Example 2: The process of Example 1 is repeated, and produces a polymyxin B-dextran conjugate having the following characteristics: IC50 = 16.4 micrograms / milliliter activity = 125.8 percent dextran content = 65.30 milligrams / milliliter total content of polymyxin B = 2.49 milligrams / milliliter content of free polymyxin B = 0.67 percent ratio of PMB: dextran = 38.06 milligrams of PMB / gram of dextran.
Again, at a reaction temperature of 32 ° C and a pH of 9.5, the conjugate obtained has approximately 126 percent activity, compared to unconjugated PMB.

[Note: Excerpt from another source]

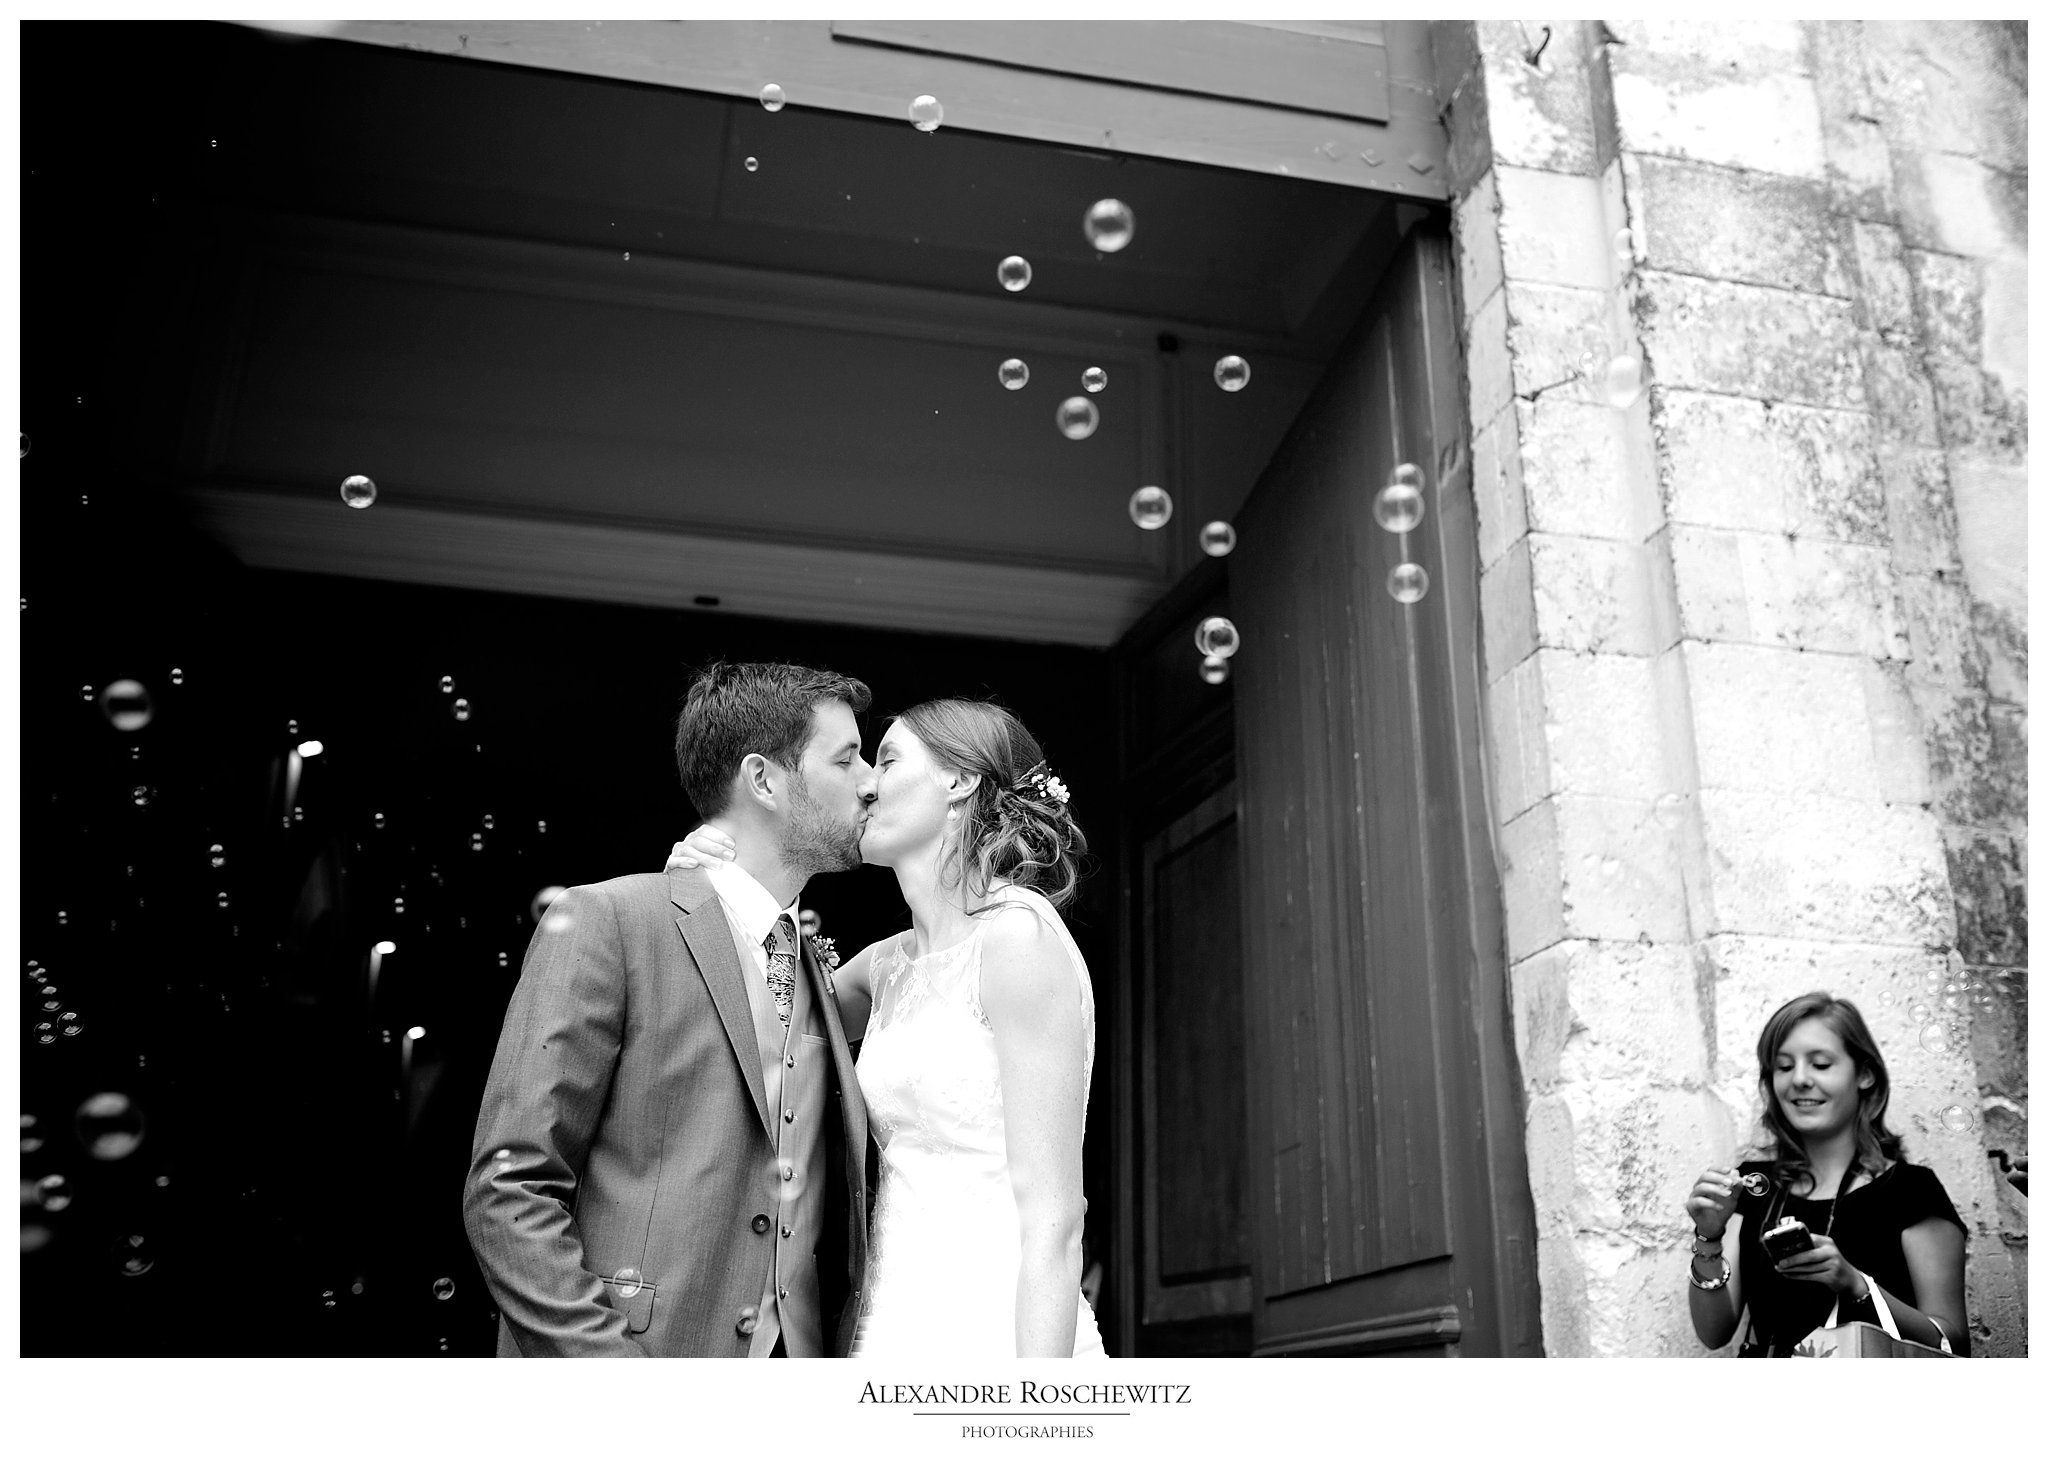 Photos de mariage à La Rochelle, avec Caroline et Charles en chefs de gare ! Cocktail et soirée à l'Abbaye de la Grâce Dieu. Alexandre Roschewitz Photographies.

Example 3; Polymyxin B / dextran conjugates are prepared according to the process of Example 1 (except as indicated), to determine the effects of the reaction temperature between PMB and dextran at a pH of 9.7. The payload is determined (milligrams of PMB / gram of dextran), the average IC50 (micrograms / milliliter), and the activity (%), and the results are presented in Table 1:
Table 1; Effect of temperature at a pH of 9.7 ¡10 grams of PMB; 0.65 grams of NaI04; 50 grams of dextran)

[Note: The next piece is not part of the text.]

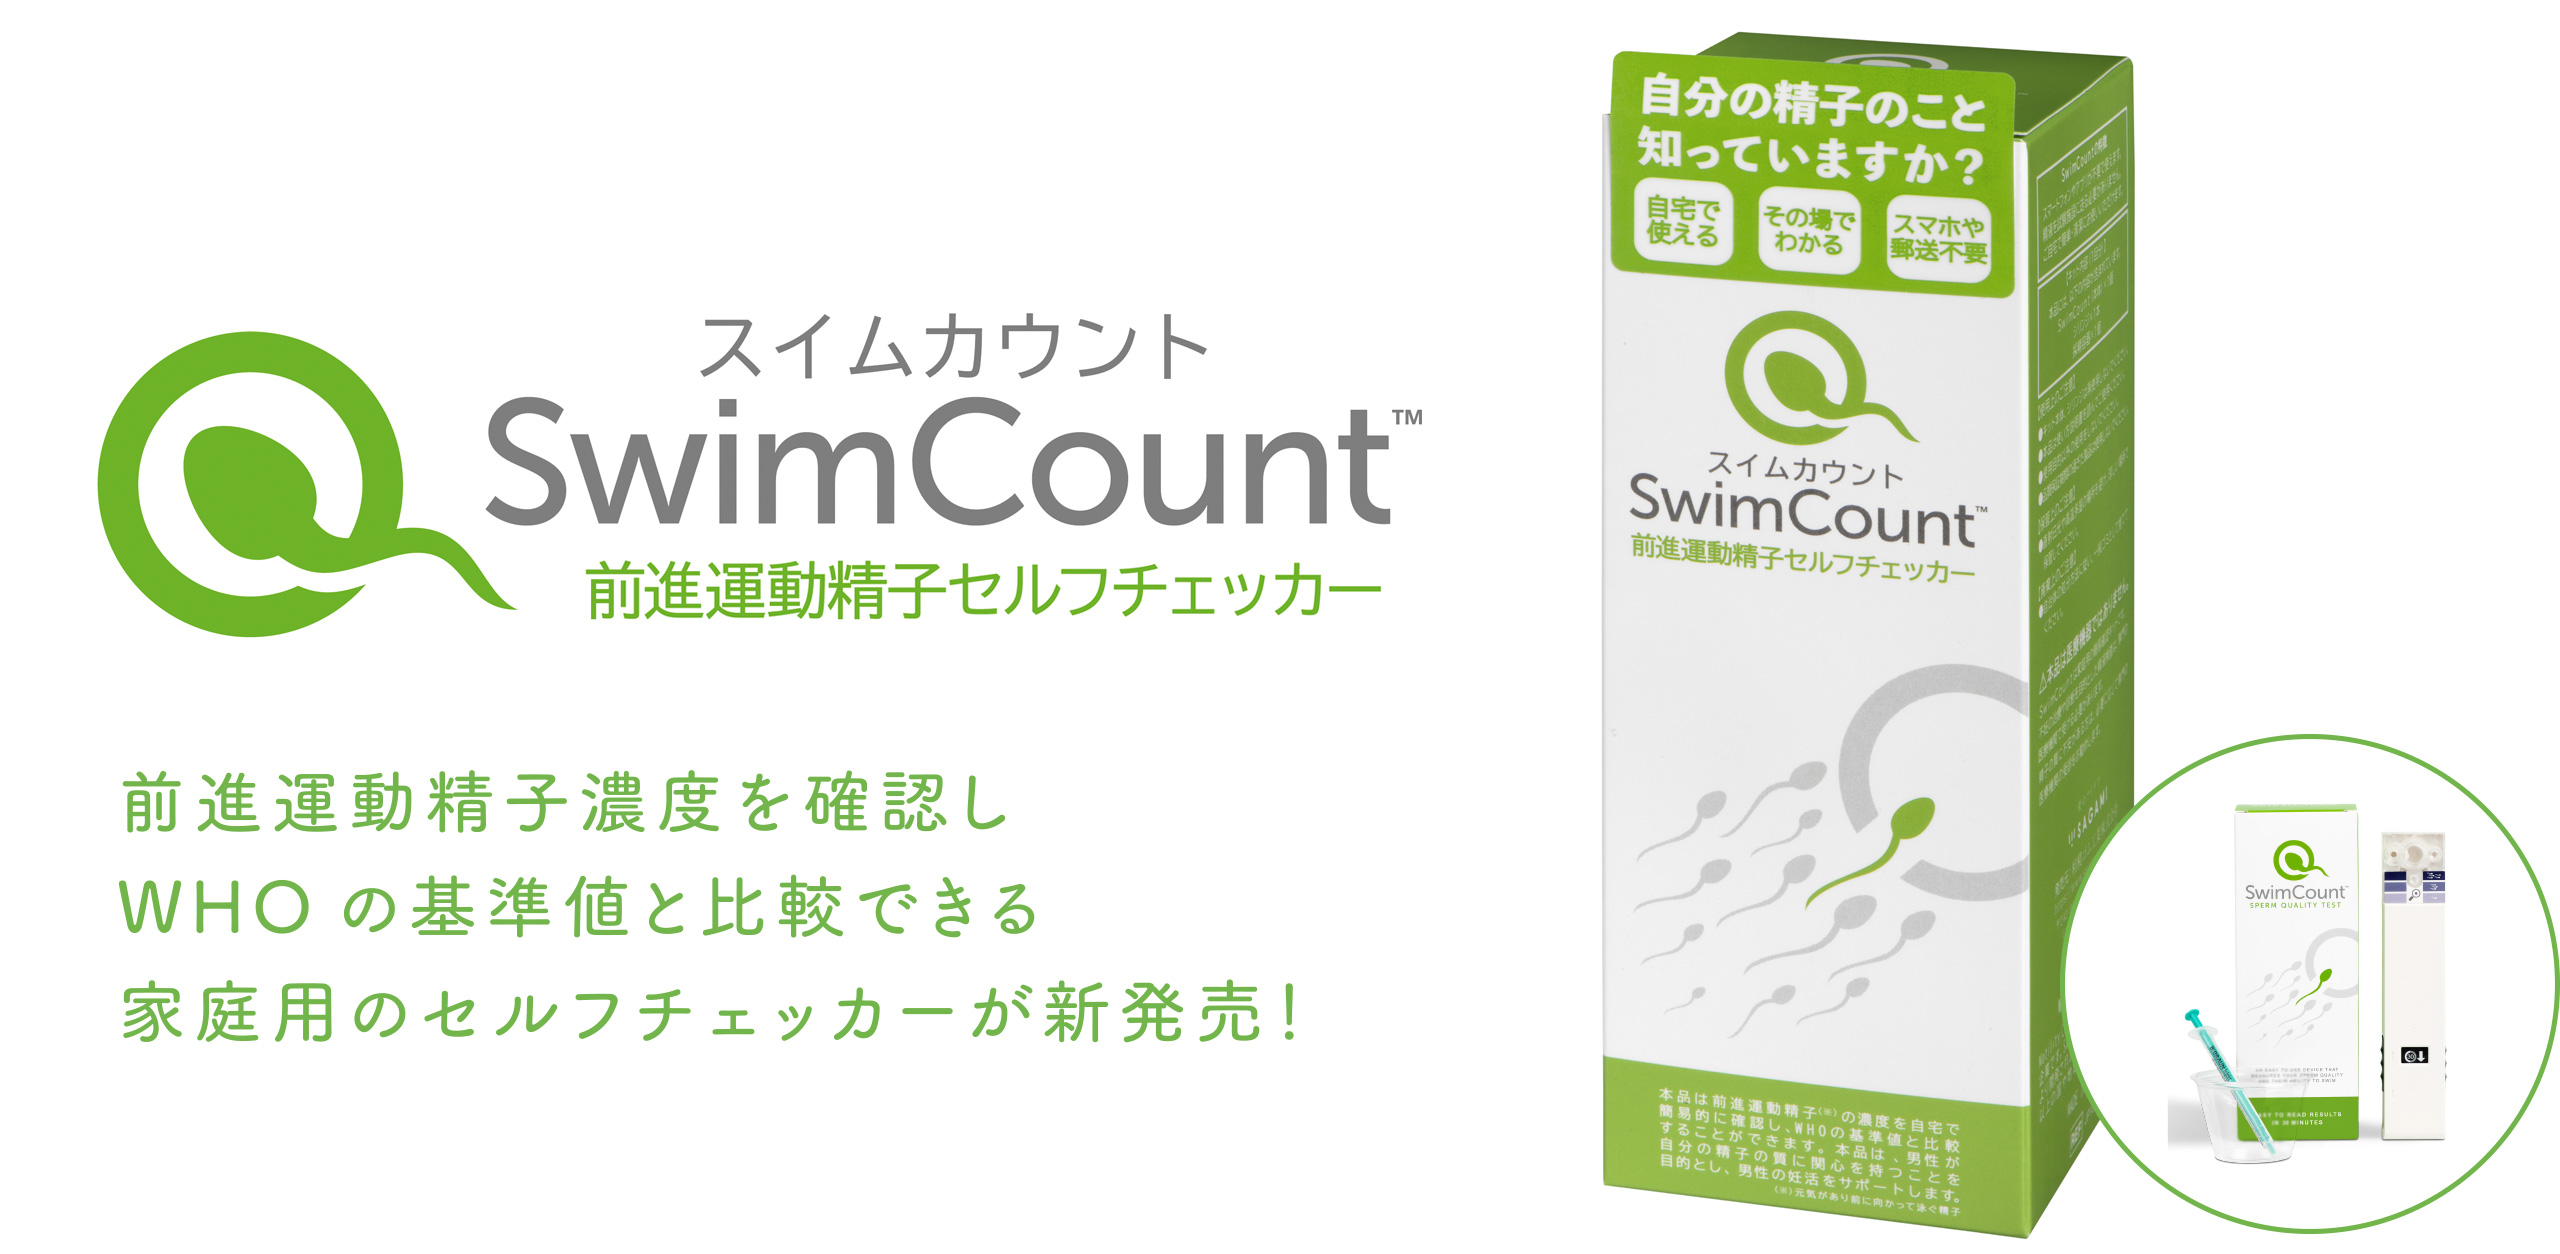 SwimCount

From Example 3, it can be seen that, when the reaction temperature is lowered to 10 ° C, at a pH of 9.7, the product obtained has a reduced activity. Example 4; Polymyxin B / dexane conjugates are prepared according to the process of Example 1 (except as indicated), to determine the effect of the pH of the reaction between PMB and dextran. The payload (milligrams of PMB / gram of dextran), the average IC50 (micrograms / milliliter), and activity (%) are determined as in Example 3, and the results are presented in Table 2:
Table 2; Effect of PH at a temperature of 32 ° C (15 grams of PMB, 1.3 grams of NaI04, 50 grams of dextran)
a) acetate regulator; b) phosphate regulator; c) borate regulator;
ND: not determined (the samples are too diluted to determine these parameters).
The data in Table 2 show that decreasing the temperature of the reaction to 32 ° C while using a pH between 9.5 and 9.7, still slows down the production of the conjugate having an activity that is higher than that of the Unbound PMB (Examples 41, 4n, and 4o), while increasing the pH further, to a pH of 10, is not particularly beneficial (Example 4p). Example 5: Polymyxin B / dextran conjugates are prepared as in Example 1 (except as indicated) and their activity against endotoxin is measured. The results are presented in the following Table 3: Table 3: Effect of the amount of PMB (1.3 grams of NaI04, pH of 9.7, 32 ° C)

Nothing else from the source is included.